WHAT YOU WILL DO → Begin your copy at the line with "Gläs Rosebud Analplug aus Glas" in the records below and end it at the line with "Comité consultatif national", restating each line word for word; omit the pictures.

MATERIAL FOR THE TASK →
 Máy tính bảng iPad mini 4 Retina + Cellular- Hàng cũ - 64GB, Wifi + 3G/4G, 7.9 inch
--
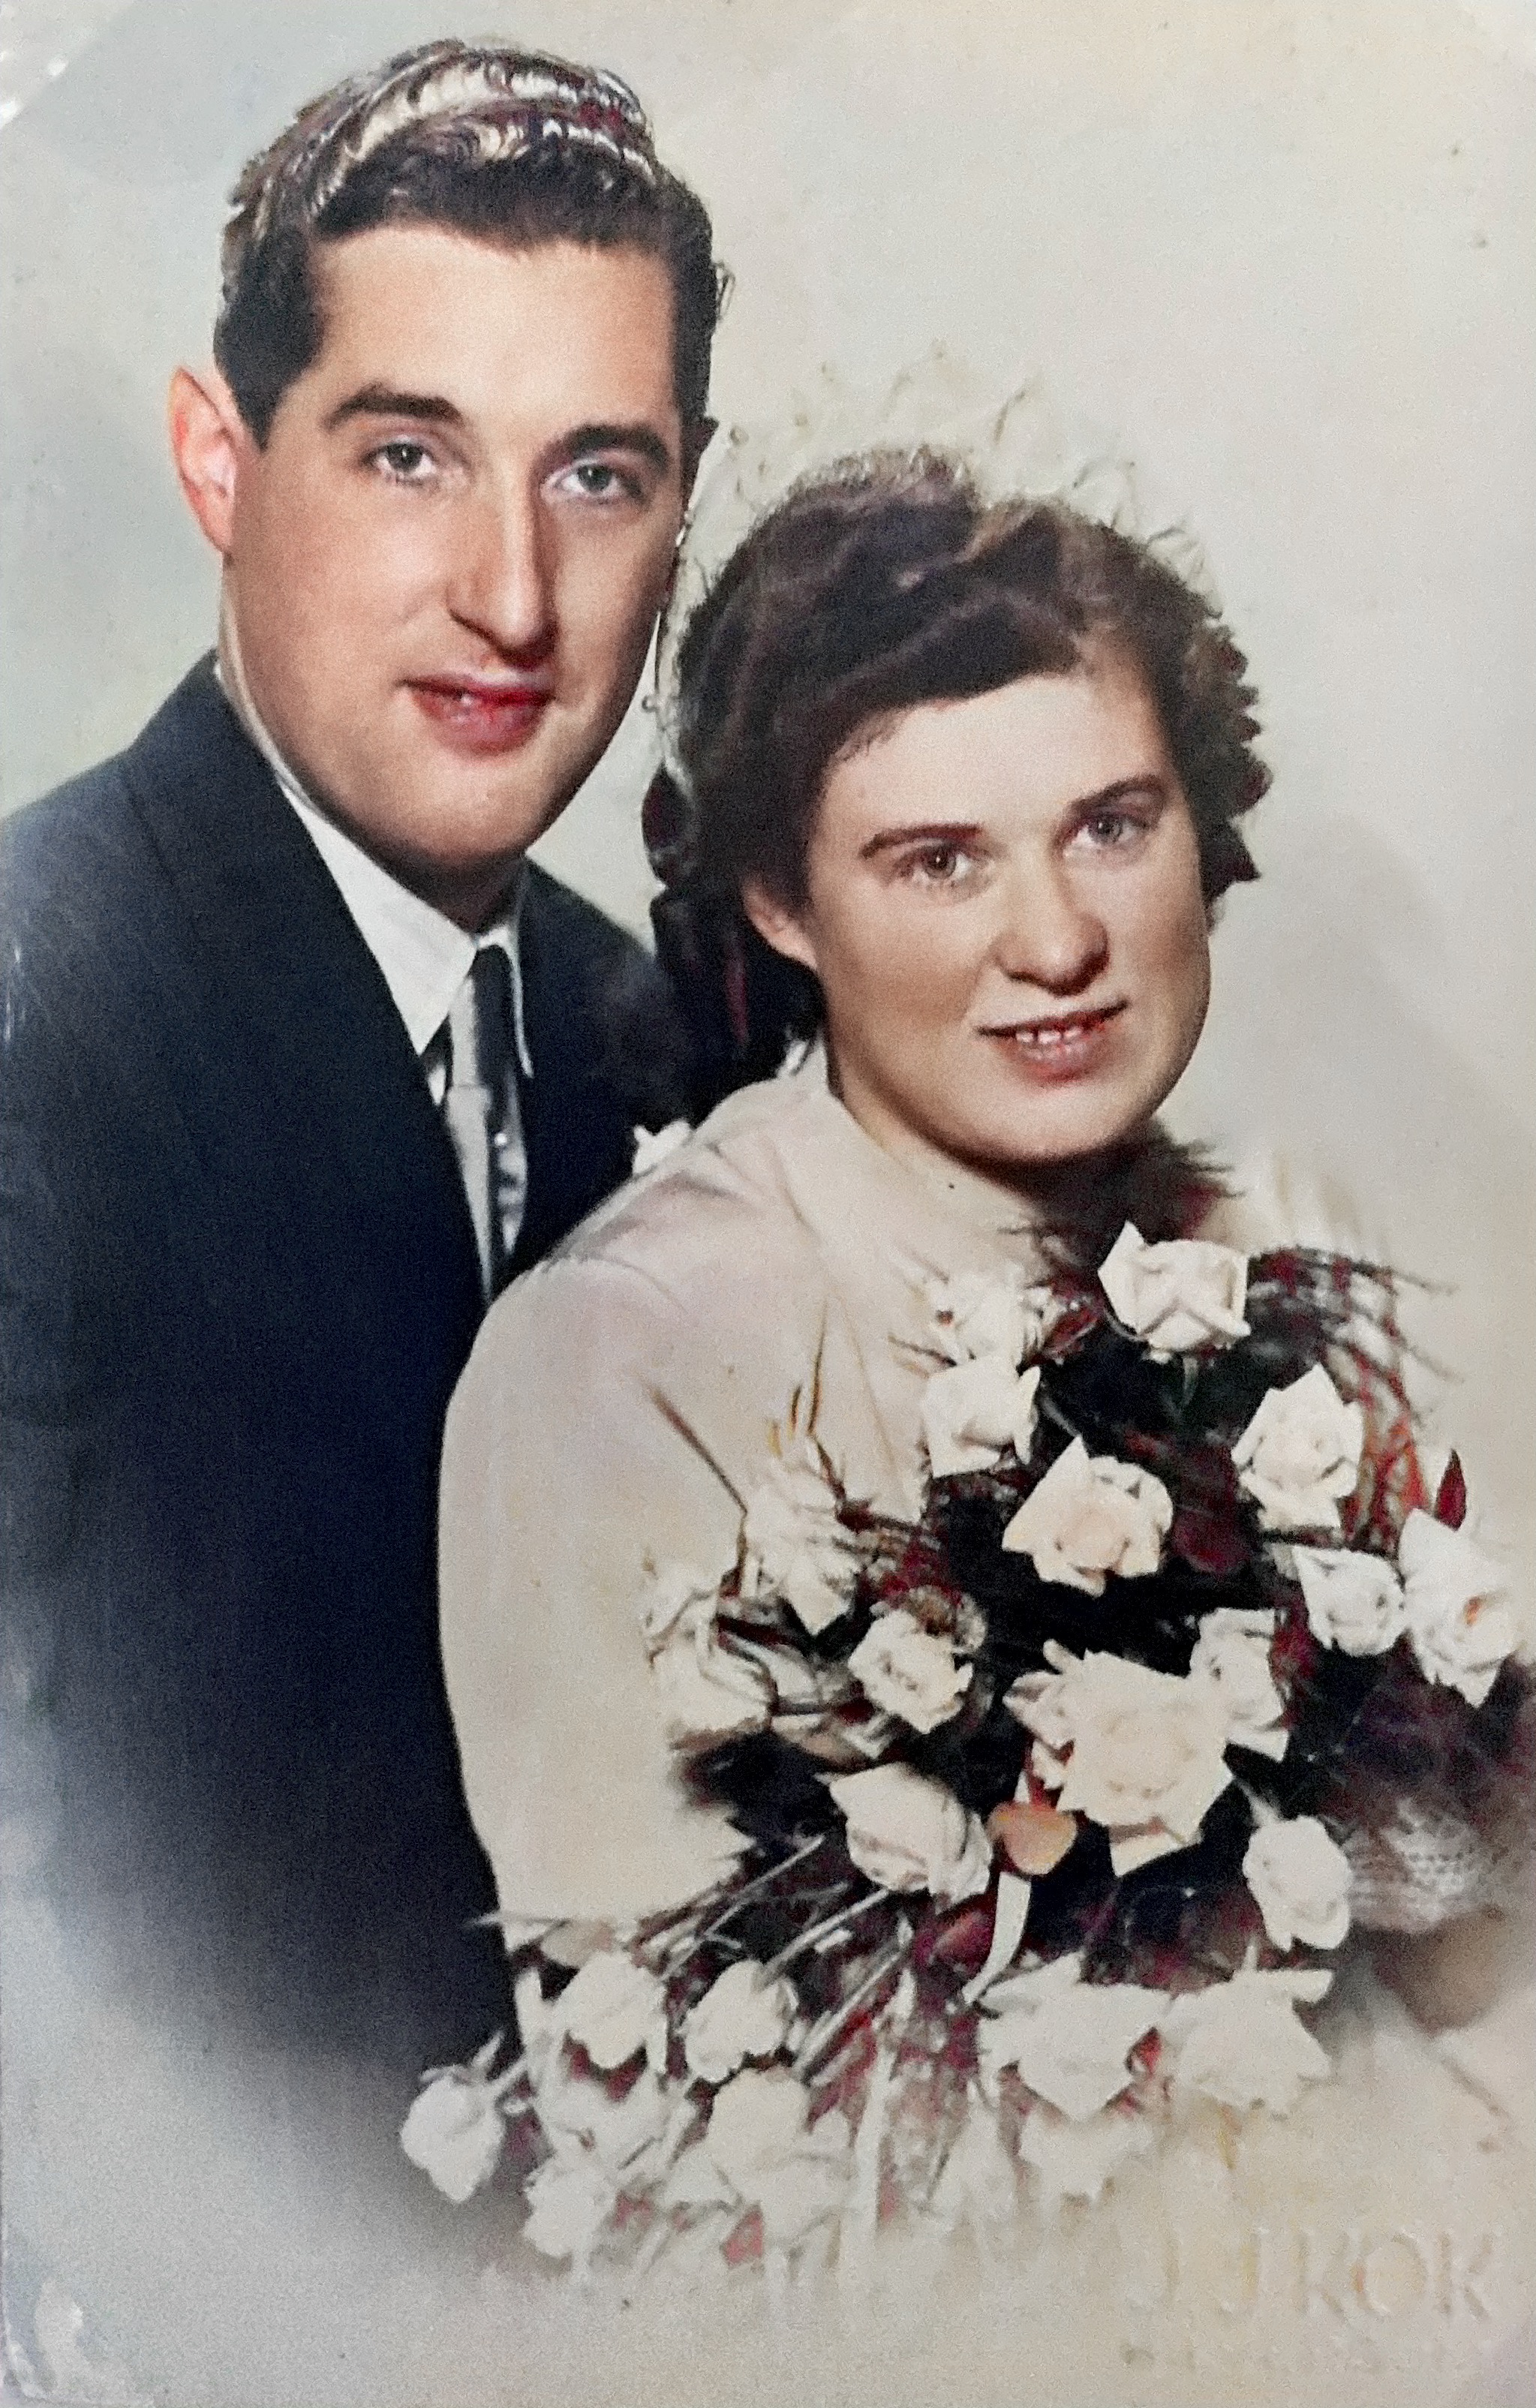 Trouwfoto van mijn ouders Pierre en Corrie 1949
==
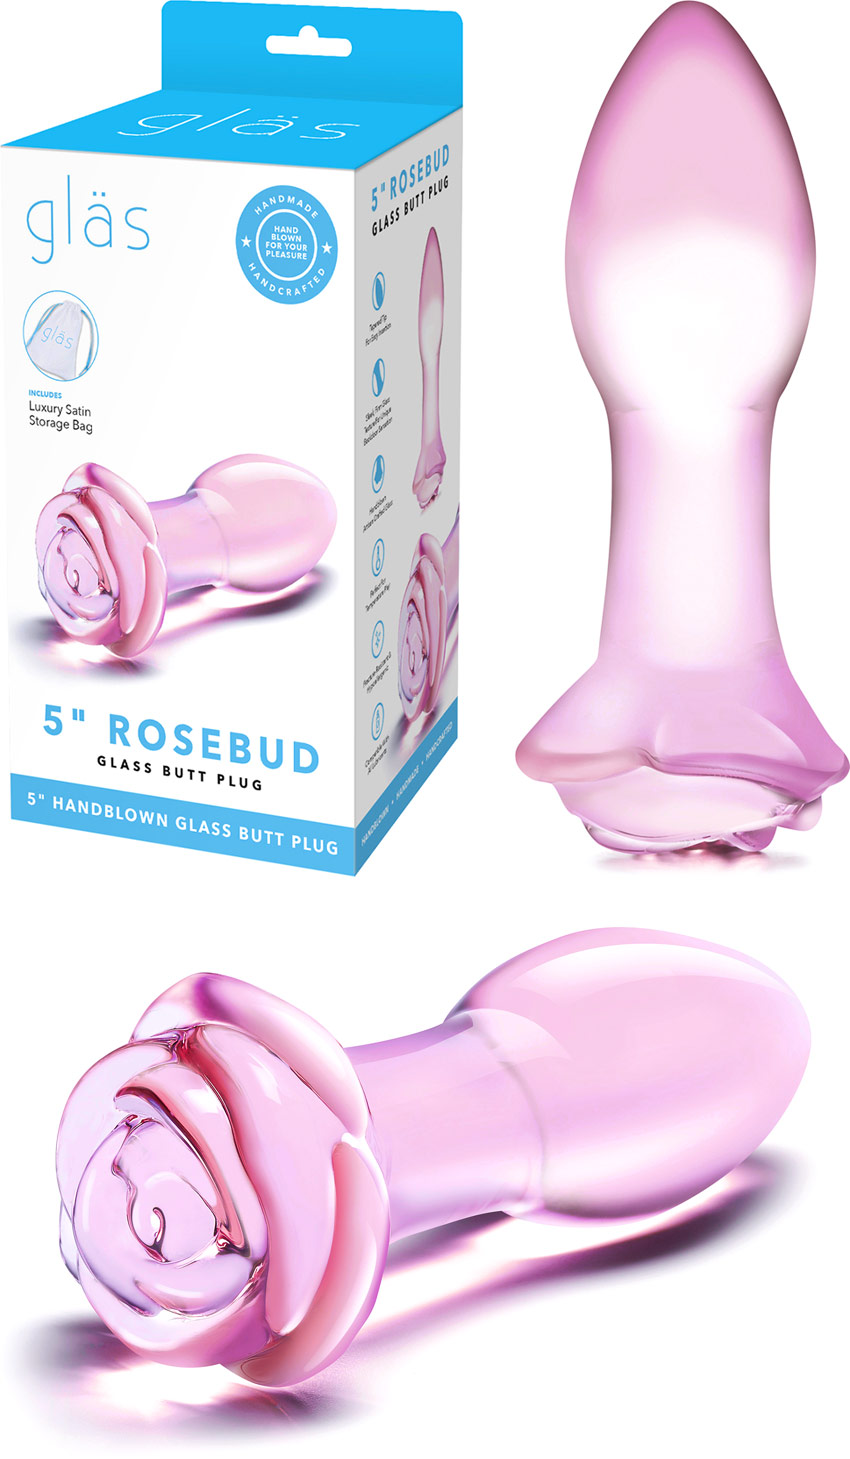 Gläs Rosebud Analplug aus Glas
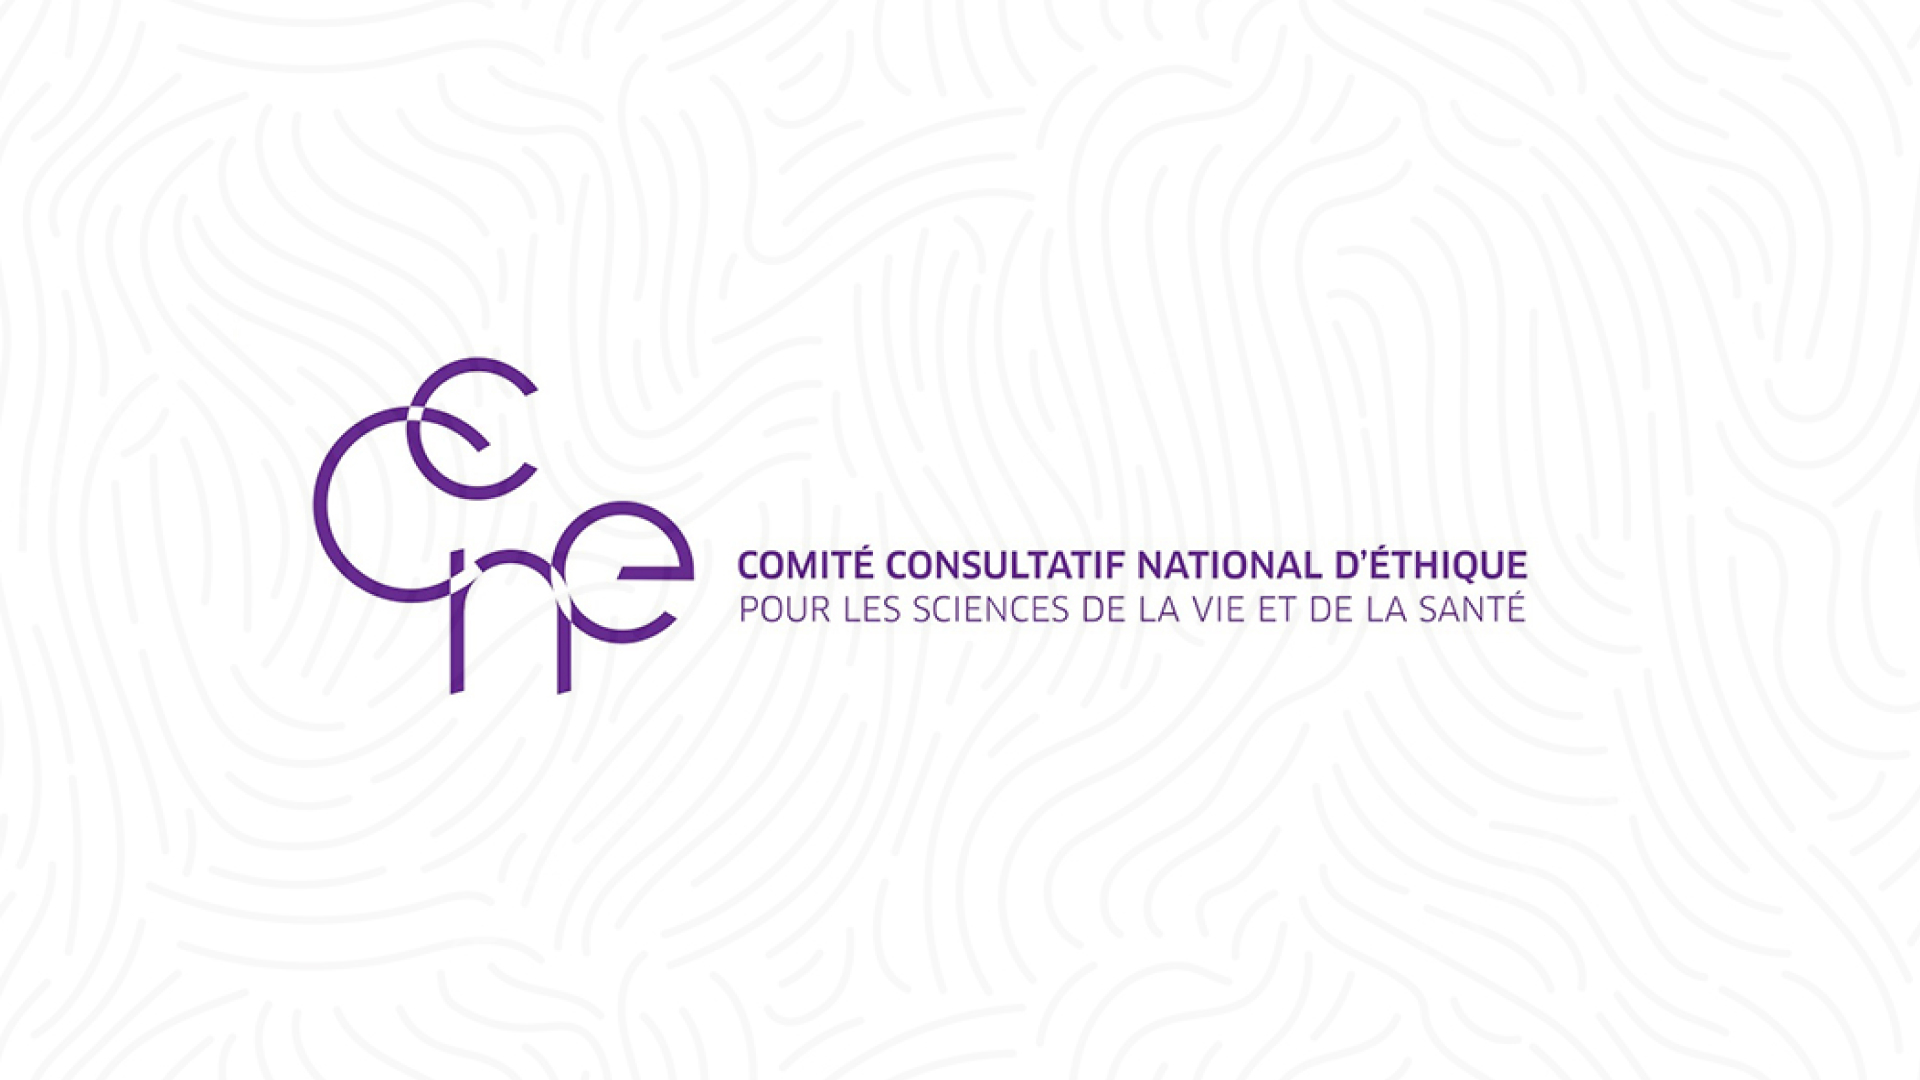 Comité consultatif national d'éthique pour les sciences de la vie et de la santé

EXERCISE SOLUTION →
 Gläs Rosebud Analplug aus Glas
 Comité consultatif national d'éthique pour les sciences de la vie et de la santé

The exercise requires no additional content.